To enable password restriction for /service objects:

  1. Go to BRM_home/sys/data/config.

  2. Use the following command to create an editable XML file from the Customer instance of the /config/business_params object: 

    pin_bus_params -r BusParamsCustomer bus_params_customer.xml

    This command creates an XML file named bus_params_customer.xml.out in your current directory. If you do not want this file in your current directory, specify the path as part of the file name.

  3. In bus_params_customer.xml.out, set EnablePasswordRestriction to enabled: 

    <EnablePasswordRestriction>enabled</EnablePasswordRestriction>

    Caution:

    BRM uses the XML in this file to overwrite the existing instance of the /config/business_params object. If you delete or modify any other parameters in the file, these changes affect the associated aspects of the BRM configuration.

  4. Save and exit the file.

  5. Rename the bus_params_customer.xml.out file to bus_params_customer.xml.

  6. Use the following command to load your changes into the /config/business_params object: 

    pin_bus_params bus_params_customer.xml

    You should run this command from the BRM_home/sys/data/config directory, which includes support files used by the utility. To run it from a different directory, see "pin_bus_params" in BRM Developer's Guide.

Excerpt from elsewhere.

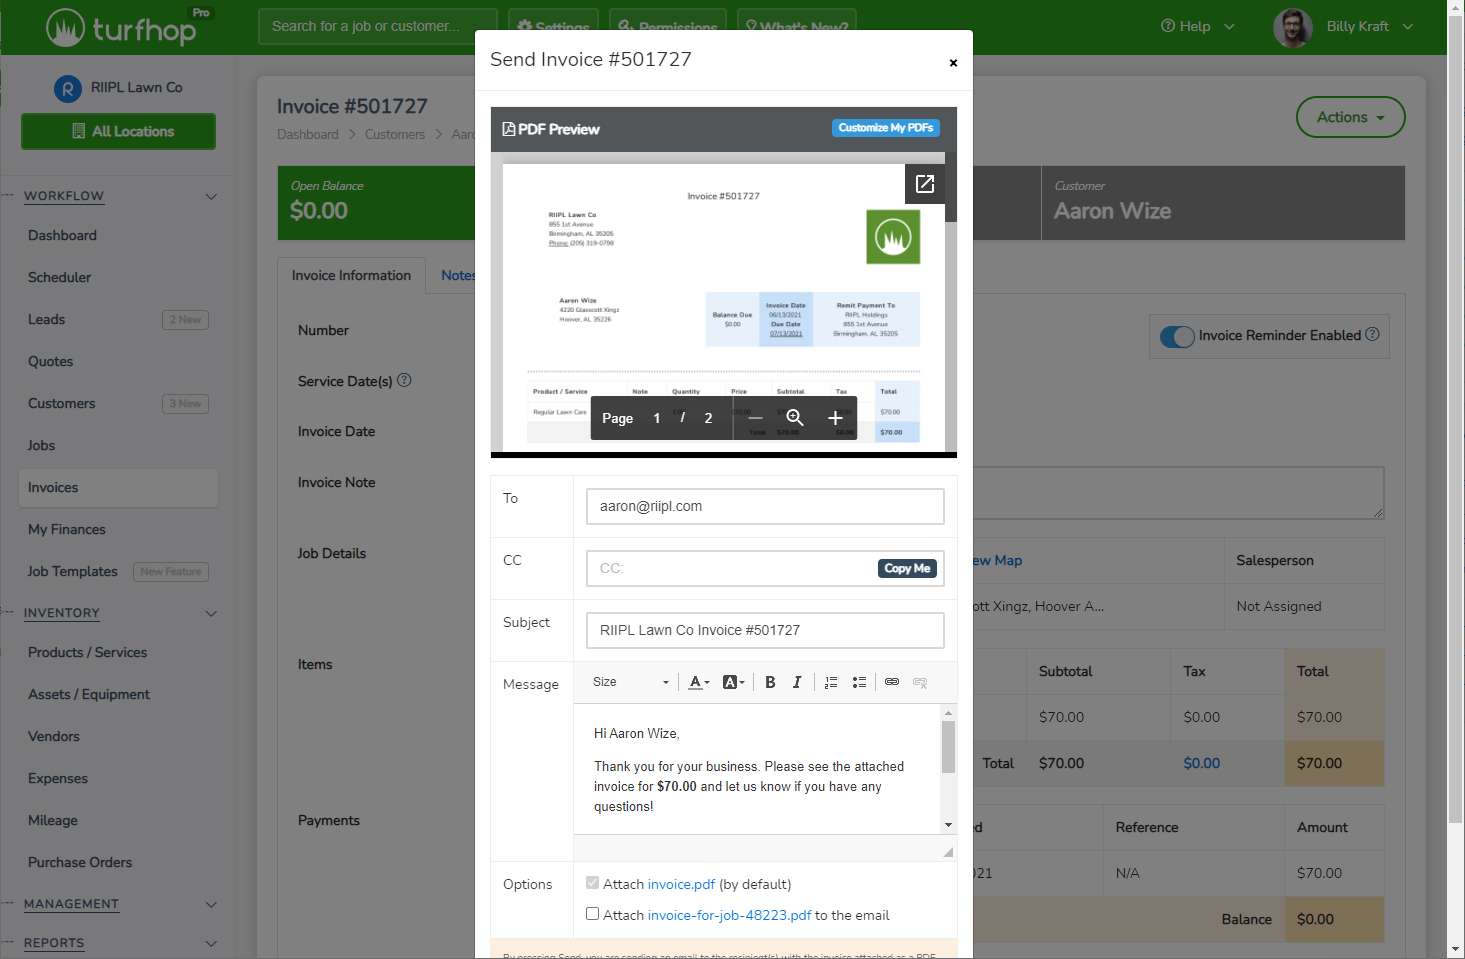 Send Invoices Via Email and Text Message - Preview and customize your PDFs before sending invoices to your customers

  7. Read the object with the testnap utility or the Object Browser to verify that all fields are correct.

    For general instructions on using testnap, see "Using the testnap Utility to Test BRM" in BRM Developer's Guide. For information on how to use Object Browser, see "Reading Objects" in BRM Developer's Guide.

  8. Stop and restart the Connection Manager (CM).

    For more information, see "Starting and Stopping the BRM System" in BRM System Administrator's Guide.

Storing Passwords in Oracle Wallet

By default, the BRM Installer stores sensitive information, such as database and account passwords, in the Oracle wallet, and BRM applications retrieves the passwords from the Oracle wallet. However, if the database and account passwords are also stored in the Infranet.properties and pin.conf configuration files, the BRM applications retrieve the passwords from the configuration files. The BRM applications automatically decrypt the encrypted passwords when retrieving them from the configuration files.

By default, the passwords in the configuration files are encrypted in the Oracle ZT PKI format. For more information, see "Encrypting Data" in BRM Developer's Guide.

Note:

To encrypt passwords for client applications or optional managers that are not part of base BRM or that are associated with customizations, use the pin_crypt_app utility. For details, see "About Encrypting Passwords" in BRM Developer's Guide.

When you encrypt a password for the Connection Manager (CM), ensure that the password adheres to the following rules:

  • Contain a minimum of eight characters

  • Include at least one numeric character, one uppercase character, and one special character

  • Differ from the previous four passwords

  • Not include any part of the user ID

Configuring Applications to Provide Login Information

BRM client applications provide login information in the login dialog box.

BRM Java-based applications, including Pricing Center, Customer Center, and Configuration Center, ask the user for port numbers and database names when the application starts.

To change most connection information for Java-based client applications, use the login dialog box, which appears when you start the application. The application uses this default information for subsequent sessions.